Effi gefiel es in ihrer neuen Wohnung, obwohl sie außer Roswitha niemanden hatte. Bis Weihnachten ging es sehr gut, aber im neuen Jahr wurde Effi traurig. Es war nicht kalt, nur grau und regnerisch, und wenn die Tage kurz waren, so waren die Abende desto länger.
Was tun? Sie las, sie legte Patience, sie spielte Klavier. Sie hätte gern in einer Frauengruppe mitgemacht, die Nähkurse oder einen Kindergarten organisierte. Aber das war unmöglich, man hätte sie nicht angenommen. Schließlich fand sich etwas: Effi wollte Malerin werden. Sie lachte selber darüber, weil sie wusste, dass sie nie richtig gut werden würde. Sie begann, bei einem alten Malerprofessor Malstunden zu nehmen und war glücklich, dass sie eine Beschäftigung gefunden hatte. Oft hatte sie aber große Sehnsucht nach Hohen- Cremmen und noch größere nach Annie. Es war doch ihr Kind.

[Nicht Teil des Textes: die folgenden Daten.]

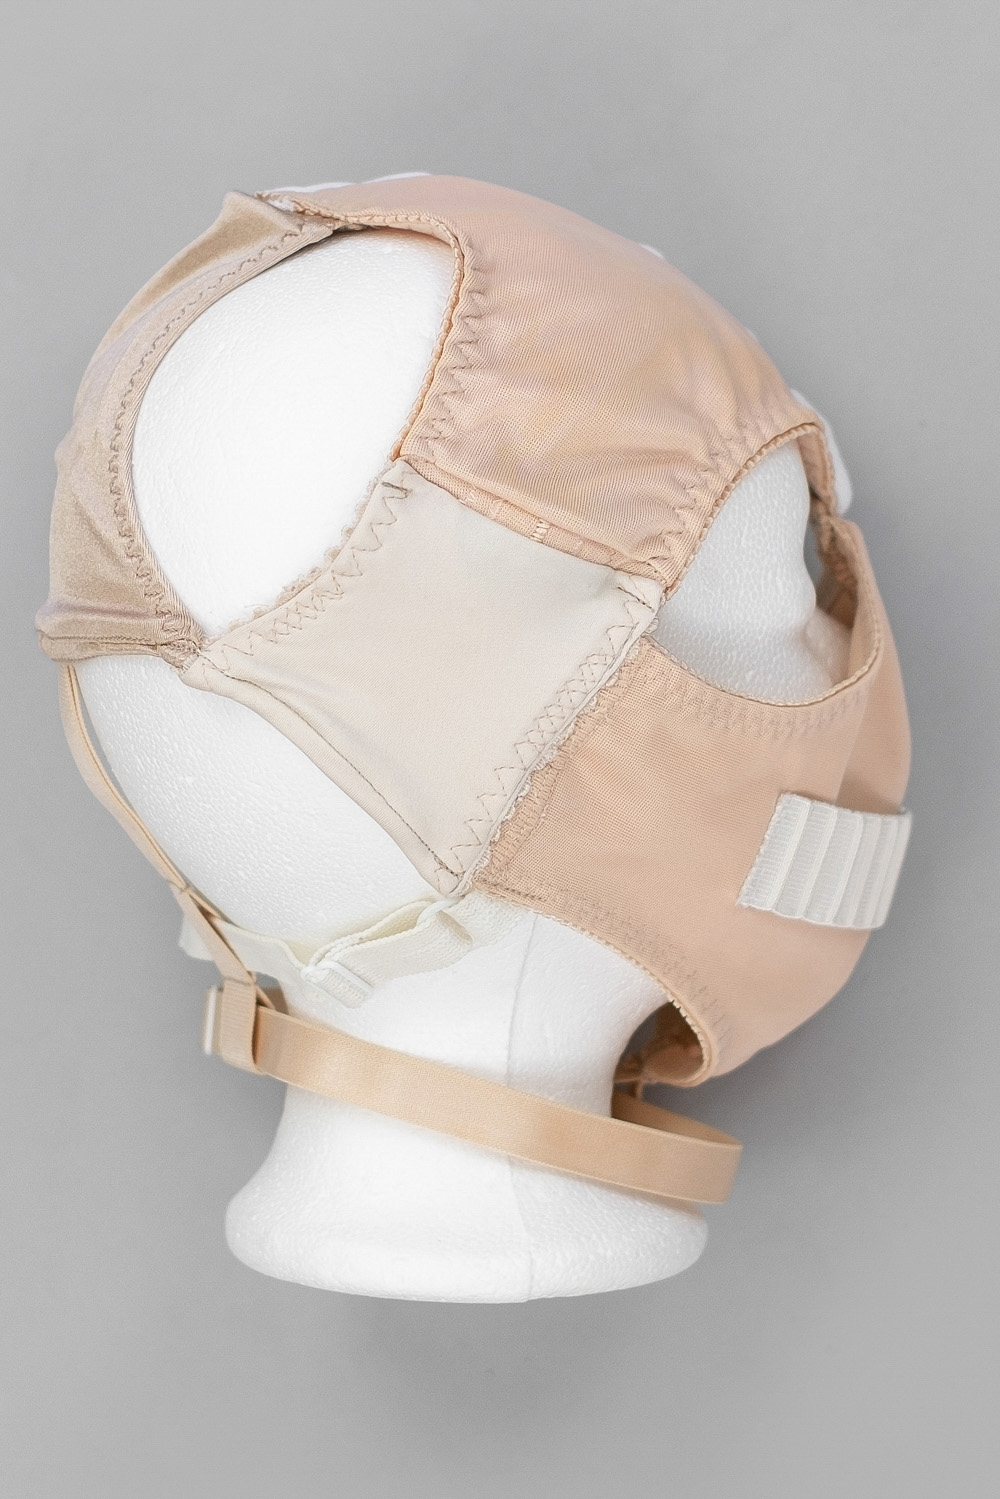 Gusset Mask in Beige and White 4

So vergingen drei Jahre. Als sie einmal aus der Malstunde kam, sah sie drei Schulkinder, zwei blond und fröhlich, das dritte dunkel und ernst. Es war Annie. Effi erschrak. Sie hatte immer gehofft, sie einmal zu treffen. Und jetzt hatte sie Todesangst. Was tun? Effi ging schnell weiter. Immer noch in großer Erregung kam sie nach Hause und erzählte Roswitha von der Begegnung. Roswitha war unzufrieden, dass Mutter und Tochter ihr Wiedersehen nicht gefeiert hatten. Effis Wunsch, Annie zu sehen, wurde immer größer. An Innstetten zu schreiben und ihn darum zu bitten, das war nicht möglich. Sie wusste, dass sie schuldig war. Aber manchmal war sie auch wütend auf Innstetten. Er hatte recht, aber zuletzt hatte er doch unrecht.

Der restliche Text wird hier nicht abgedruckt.